Thanks! I knew I was close! – pythonintraining Oct 20 '13 at 13:54 — pythonintraining, Oct 20 '13 at 13:54

Games Brainiac · Answer 2 · 2013-10-20T13:17:46.270

Instead of using urllib, I used requests, you can download it from here. They do the same thing, I just like requests better since it has a better API. The regex string is only slightly changed. \s is just added in case there are a few whites spaces before the img tag. You were headed in the right direction.
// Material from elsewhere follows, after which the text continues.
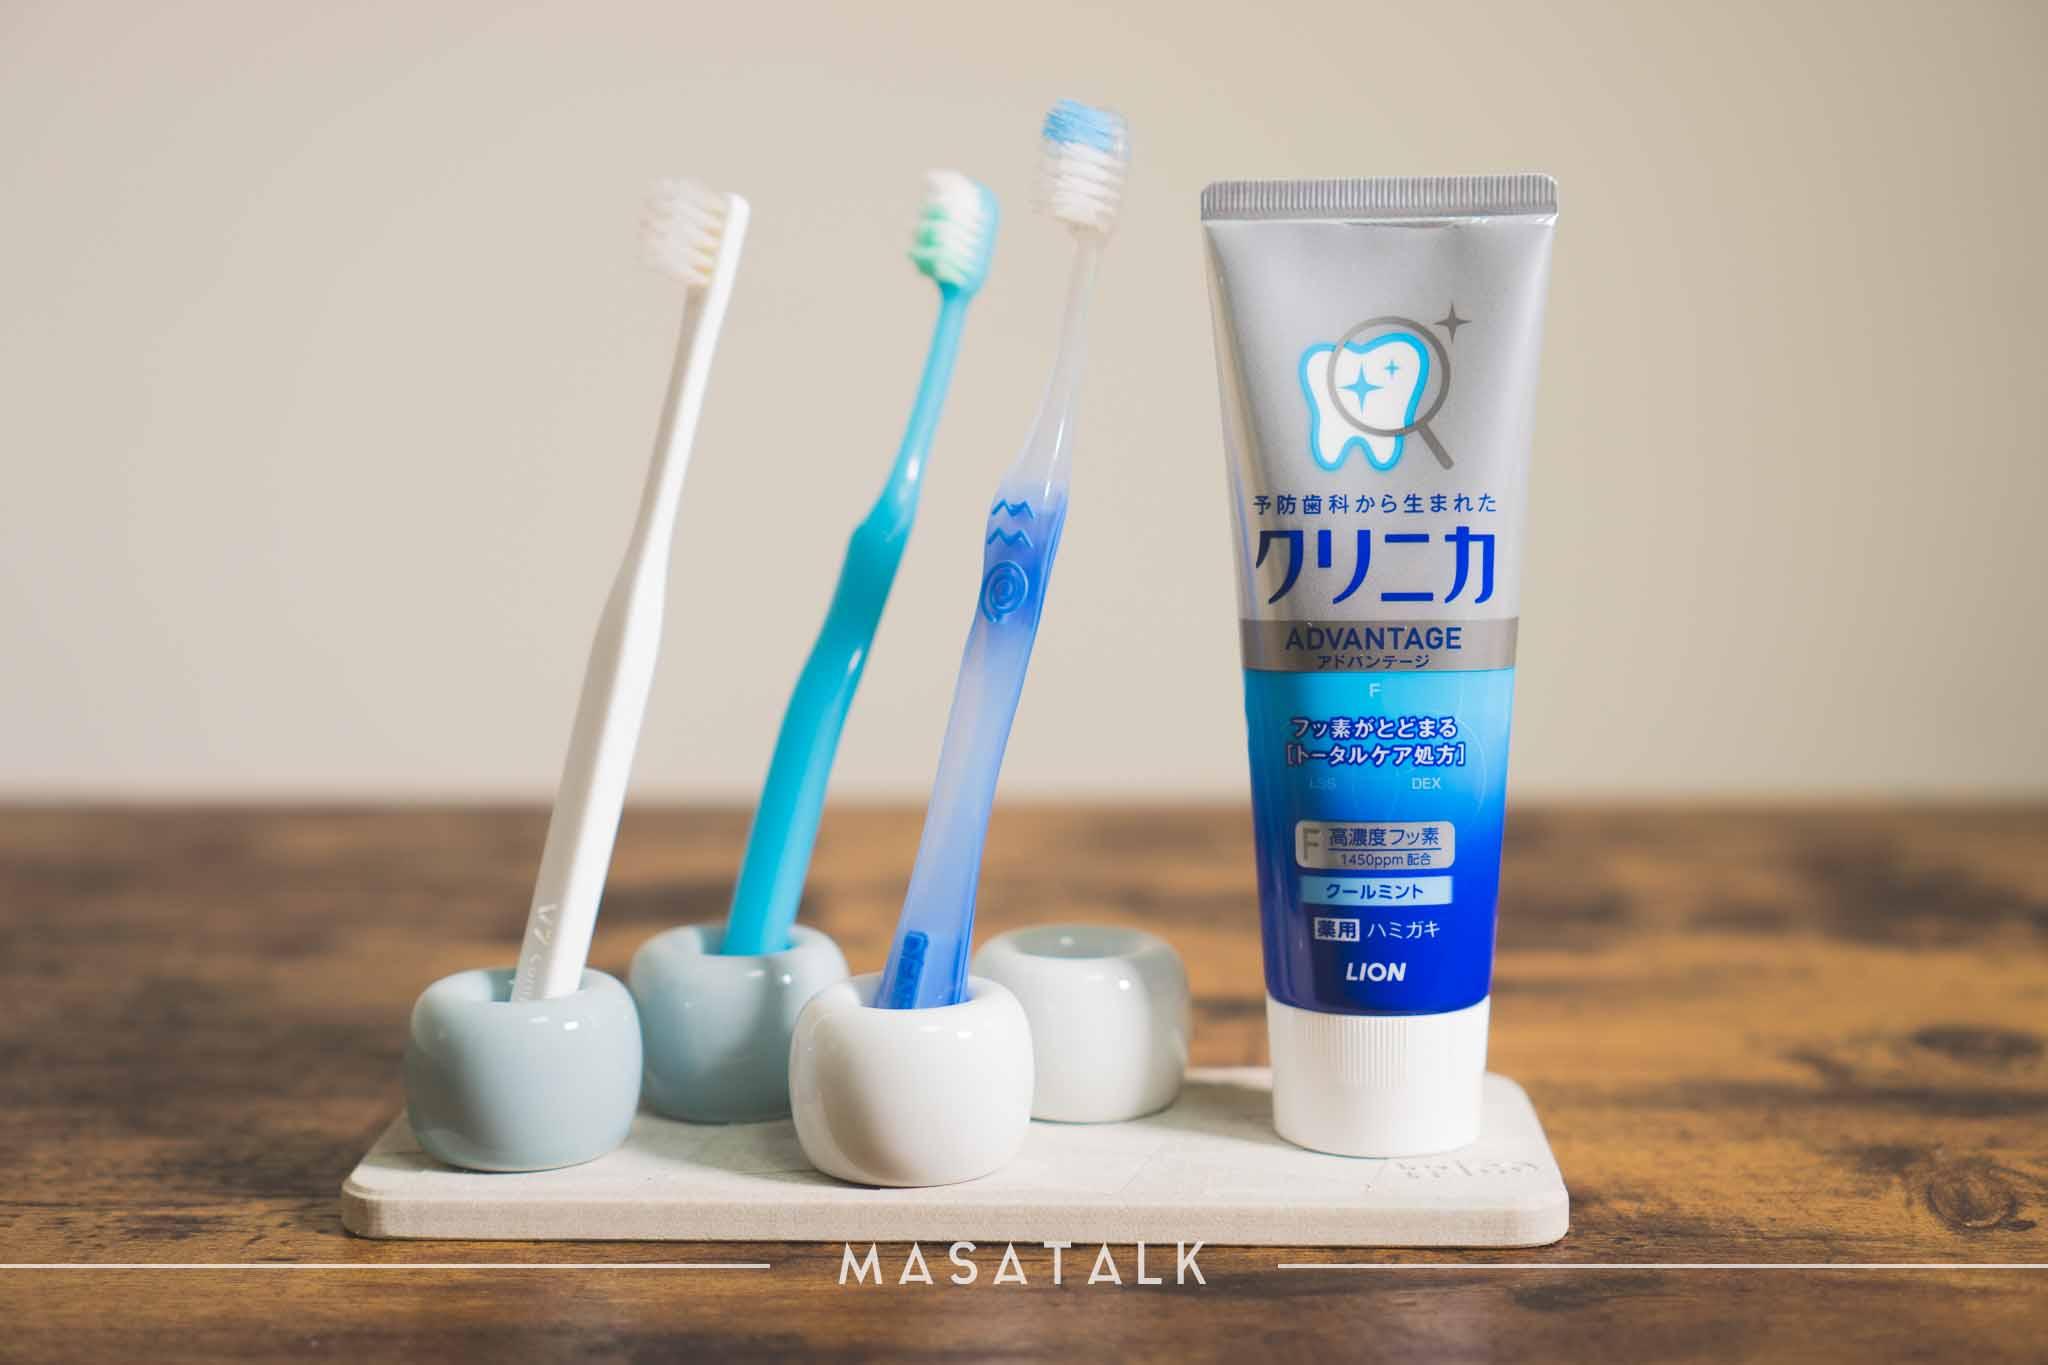 水がたまらない衛生的な歯ブラシ置き「珪藻土トレイ」と「無印の歯ブラシスタンド」の組み合わせ

You can find out more about the re module here.

Here is the code

import requests
import re

website = requests.get('http://stackoverflow.com//')
html = website.text
pat = re.compile(r'<\s*img [^>]*src="([^"]+)')
img = pat.findall(html)

print img

And the output:

[u'https://i.stack.imgur.com/tKsDb.png', u'https://i.stack.imgur.com/L8rHf.png', u'https://i.stack.imgur.com/tKsDb.png', u'https://i.stack.imgur.com/Ryr18.png', u'https://i.stack.imgur.com/ASf0H.png', u'https://i.stack.imgur.com/tKsDb.png', u'https://i.stack.imgur.com/tKsDb.png', u'https://i.stack.imgur.com/tKsDb.png', u'https://i.stack.imgur.com/Ryr18.png', u'https://i.stack.imgur.com/VgvXl.png', u'https://i.stack.imgur.com/tKsDb.png', u'https://i.stack.imgur.com/tKsDb.png', u'https://i.stack.imgur.com/tKsDb.png', u'https://i.stack.imgur.com/tKsDb.png', u'https://i.stack.imgur.com/6QN0y.png', u'http://pixel.quantserve.com/pixel/p-c1rF4kxgLUzNc.gif']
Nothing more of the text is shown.